Тут подал голос порядком замерзший и утомленный долгой ходьбой арестованный.
– Ох, отец Палладий, не сносить тебе головы. – Он испустил долгий удрученный вздох. – Церковно-фашистское подполье! И ты в него тоже затесался!..
– Не юродствуй, поп, – неприязненно отозвался Гущин. – Учитель Михайловский на допросах назвал тебя в числе участников вашей террористической организации.
Первое самостоятельное дело, которое поручил сержанту Гущину начальник райотдела НКВД, оказалось и очень серьезным. Хотя несерьезных дел у чекистов не было. Но этот оперсектор района давно вызывал подозрения: как так, всюду вскрываются белогвардейско-кулацкие и церковно-диверсионные организации, а в лев-толстовской округе тишь да гладь? Должно и тут быть осиное гнездо, только глубоко законспирированное. Но нет такой глубины, которую не раскопали бы чекисты. И вот, наконец, был получен сигнал. Добровольный информатор сообщал, что школьный учитель истории ведет себя не по-советски: посещает незакрытую еще церковь в соседнем селе, о прошлых темных временах рассказывает школьникам с одобрением, положительно отзывается об антинародной политике средневековых царей и князей; водил детей в поход на место, где войска во главе с царской родней, великим князем, подавляли национально-освободительное движение братского татарского народа; распространял среди учащихся церковные мифы о чудесах, которые там якобы произошли…
Тут сержант заметил, что арестованный каким-то образом влез в его мысли.

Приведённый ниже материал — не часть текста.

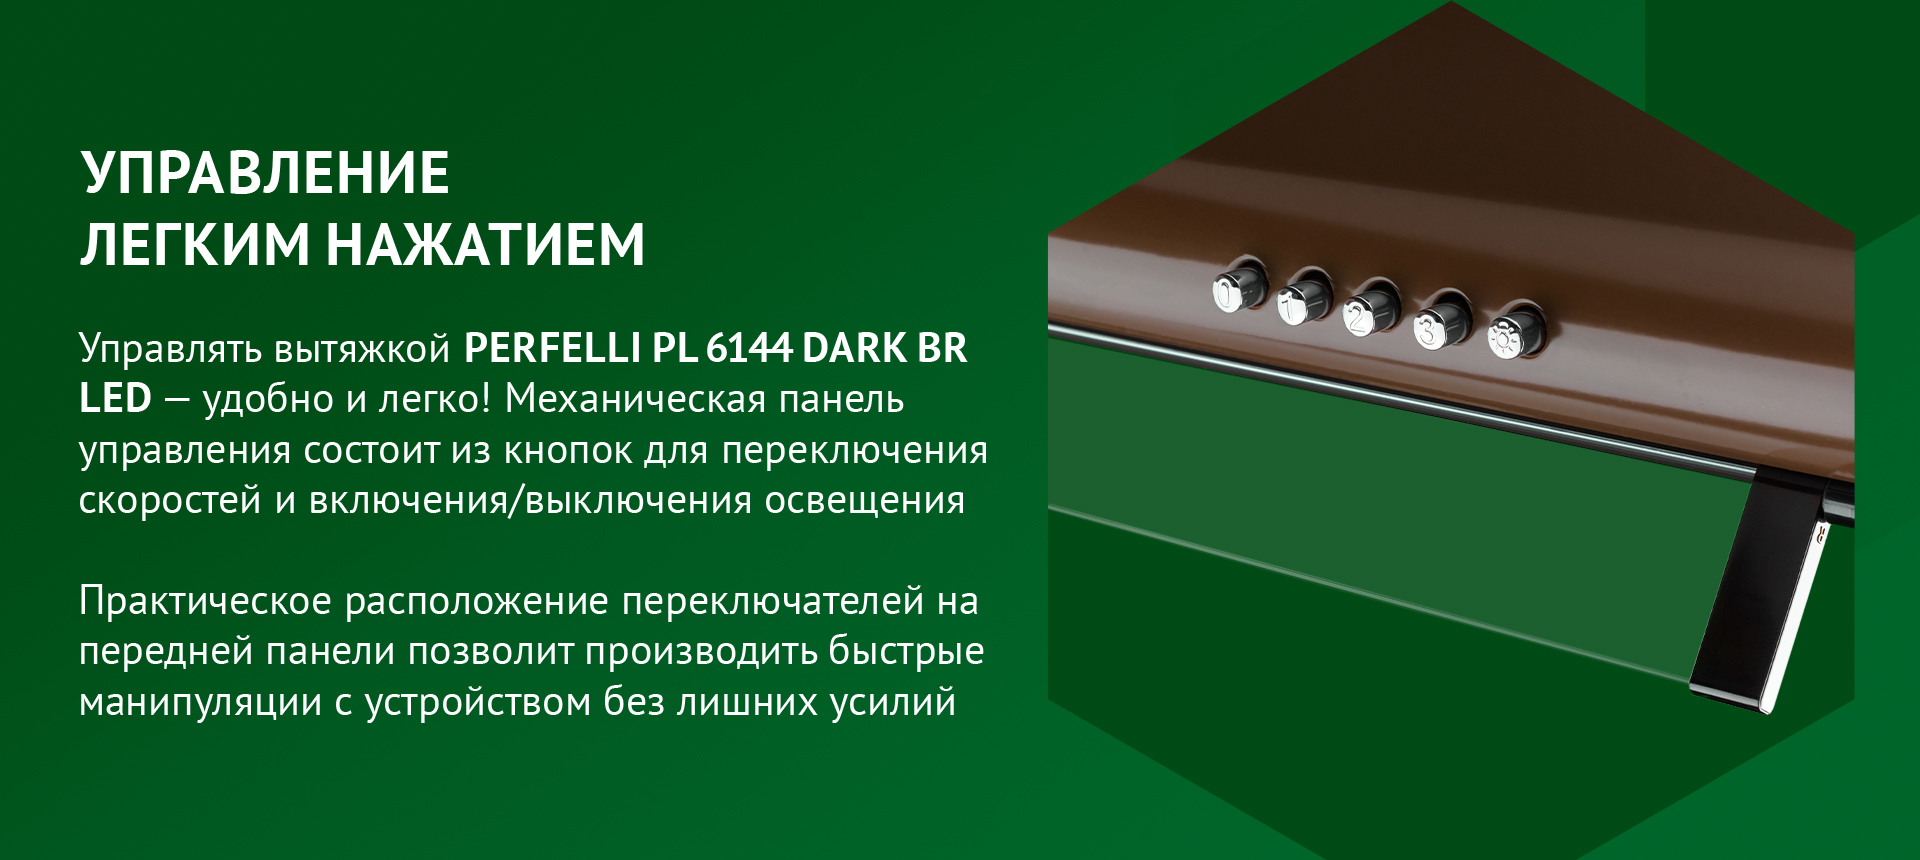 Управлять вытяжкой PERFELLI PL 6144 DARK BR LED – удобно и легко! Механическая панель управления состоит из кнопок для переключения скоростей и включения/выключения освещения. Практическое расположение переключателей на передней панели позволит производить быстрые манипуляции с устройством без лишних усилий

– Хотите, гражданин следователь, я отведу вас прямо на место преступления бедного Николая Петровича? Ну, то, где он рассказывал детям о Стоянии на Угре? Во всей округе только он да я, грешный, теперь храним память о том, где это было. Ему как ученому историку положено, ну а мне – как постриженику монастыря аввы Тихона. Родоначальник нашей Тихоновой пустыни самое прямое участие принимал в том стоянии русских войск на огненном рубеже…
– Может, вас, гражданин поп, еще в Москву отпустить на поклонение святым угодникам? – сыронизировал Гущин.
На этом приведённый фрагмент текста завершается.